A blog about living in Aberdeen, New Jersey.

Monday, May 16, 2011

Dragged Through the Mud

When Brookdale Community College blamed the Monmouth County Freeholders for a huge planned increase in tuition earlier this year, the Freeholders unleashed their venom against now former Brookdale President Peter Burnham, according to the Huff Post. They took his compensation package to the media and sent his expense vouchers to Trenton for investigative scrutiny, expressing their surprise at his outrageous pay and benefits, prompting a public frenzy against Mr Burnham.

The typical resident of Monmouth County isn't a corporate CEO or university president, so Burnham's high salary and benefits, touted in article after article in our newspapers as if evidence of a crime, naturally tended to rub the man on the street the wrong way. And close scrutiny of expense vouchers at this level is bound to dredge up some dirt -- maybe enough to have someone reprimanded or even fired but not a criminal act. Yet his credit card receipts have been "being reviewed by the Attorney General" for quite some time now.

The Freeholders and their delegates to the county's Board of School Estimate should have known about Burnham's compensation arrangement, and if they didn't they weren't doing their job. If they'd bothered to ask they would have learned that Mr Burnham had a glittery compensation package because the trustees had to match a compensation package offered to him by a much larger institution. The trustees could have let him leave, and upon reflection that probably would have been the wisest course, but they decided to pay him to stay. And that involved a club membership, a fancy vehicle, and costs for his kids to attend college. It was a negotiated compensation package.

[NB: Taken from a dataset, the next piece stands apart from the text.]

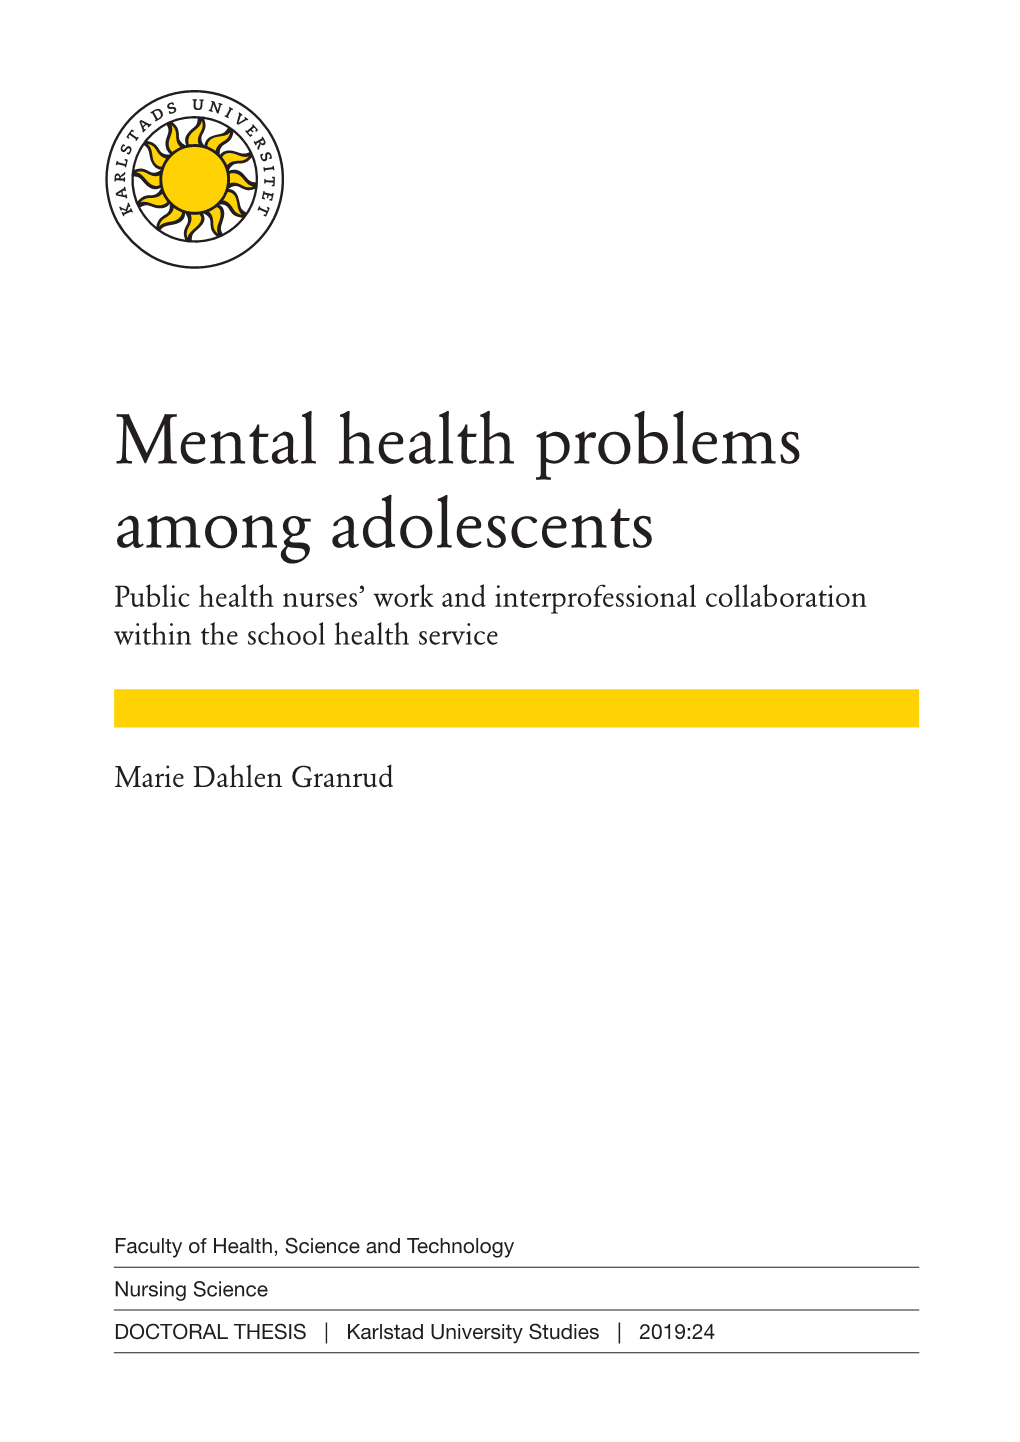 Mental Health Problems Among Adolescents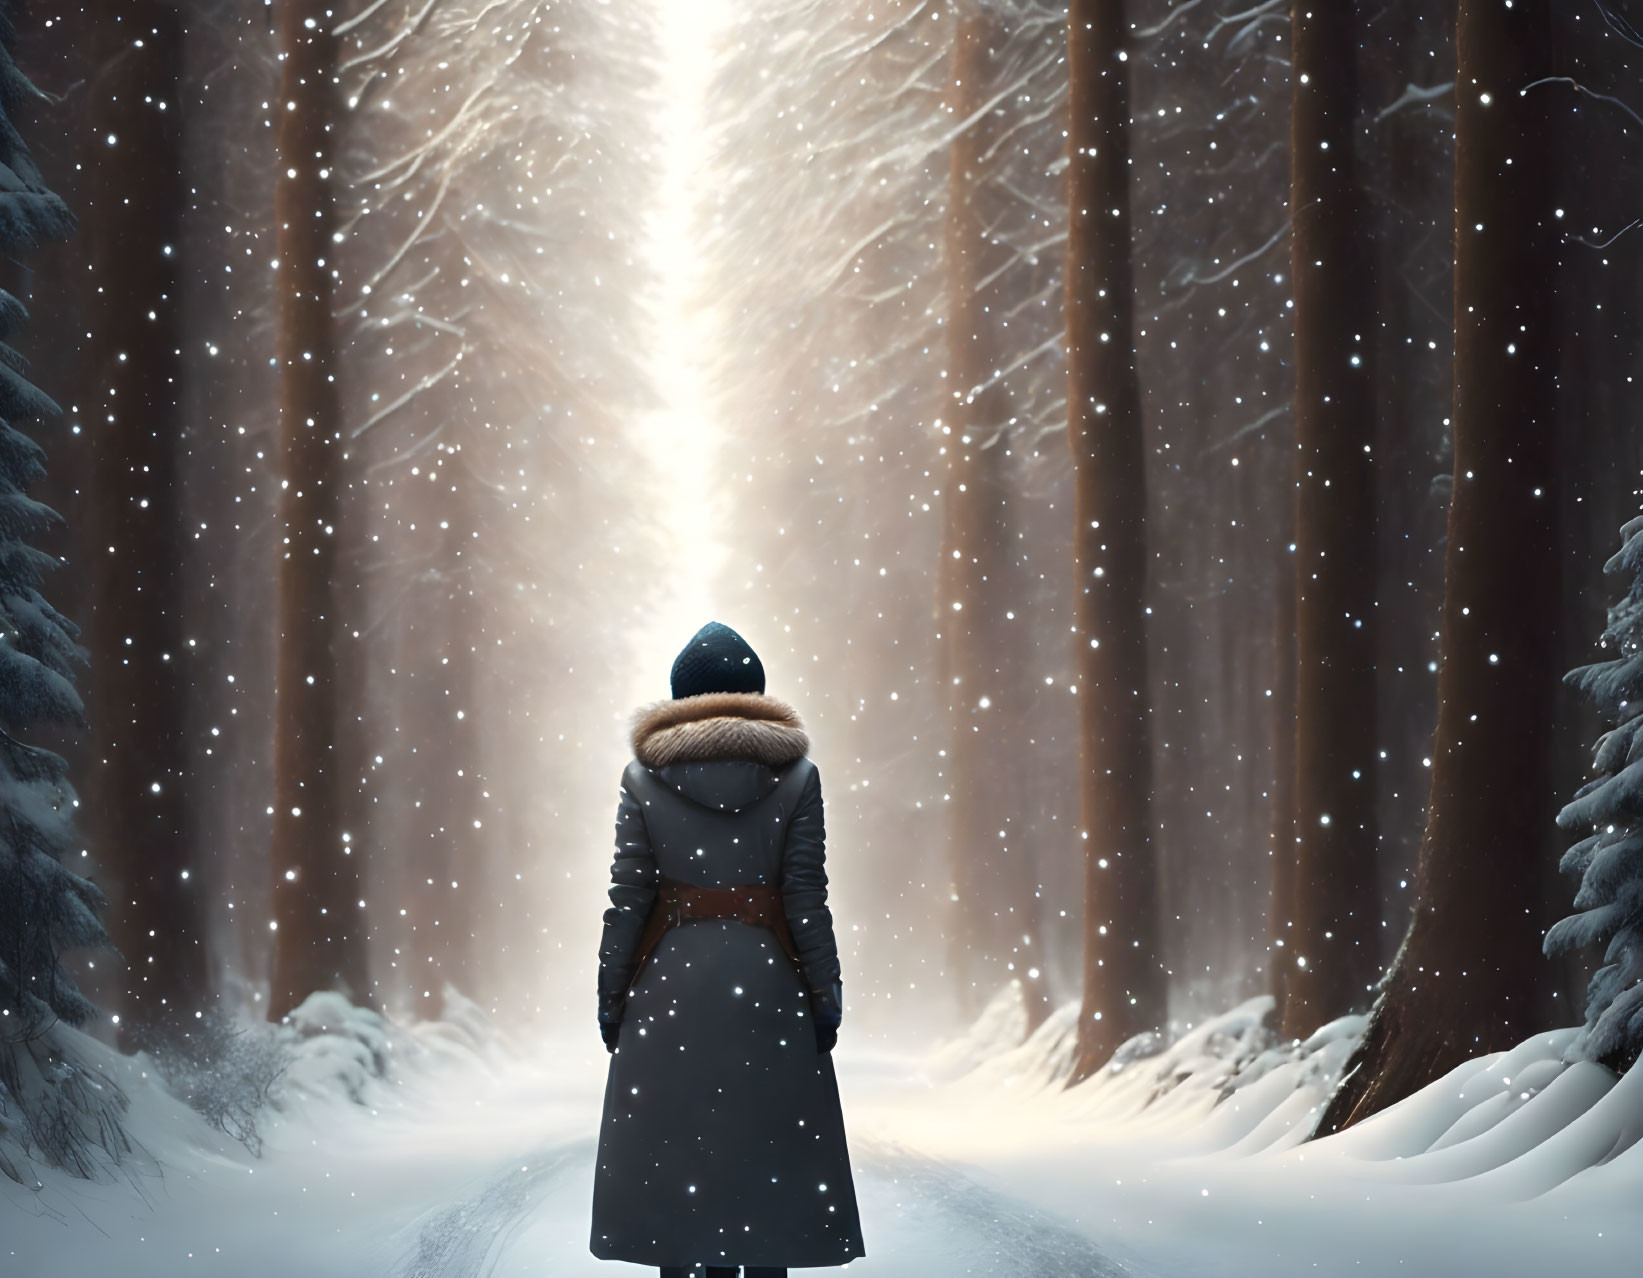 Person in Winter Coat on Snowy Forest Path with Falling Snowflakes

Presidents of colleges make obscene amounts of money these days. Compare it to how much your local school superintendent makes. Not that much different, actually.

So why didn't the Board of School Estimate object to the deal long ago if it was so outrageous? Because they didn't conduct proper oversight. Freeholder John Curley is trying to make up for lost time and will eventually overstep. But for now he's pressing his advantage and making some headway.

You probably aren't aware that no official charges have been leveled against Mr Burnham and he didn't resign, he retired. After all, it isn't a crime to get paid. There is the matter of disputed credit card reimbursements, but those aren't sexy enough to be rehashed in countless news articles. No, it is his compensation and benefits that keep getting brought up. And those issues aren't a crime.

Mr Burnham's lawyer addressed the vouchers in brief comments to The News Transcript. The paper's 4 May 2011 edition said Mr Burnham and the county simply disagreed over which expenses were part of the current contract. But the media hype has resulted in coverage like that seen in The Gloucester County Times, which equated Mr Burnham's dispute over reimbursed credit card expenses with forgery charges being brought against a local community college president in southern Jersey.

This whole shock and outrage act we've heard from the Freeholders in the past two months has been disingenuous. The Board of School Estimate and, by extension, the Freeholders, were as much a part of the problem as anyone. And let's not forget Governor Christie's cuts in state aid to education, which were the root cause of BCC's planned tuition spike this year, not Mr Burnham's salary and benefits.

I agree that reform is needed, but that shouldn't require Mr Burnham's reputation to be dragged through the mud. Mr Curley and the Freeholders ought to cease and desist against Mr Burnham, accept their share of the blame, and get on with the county's business.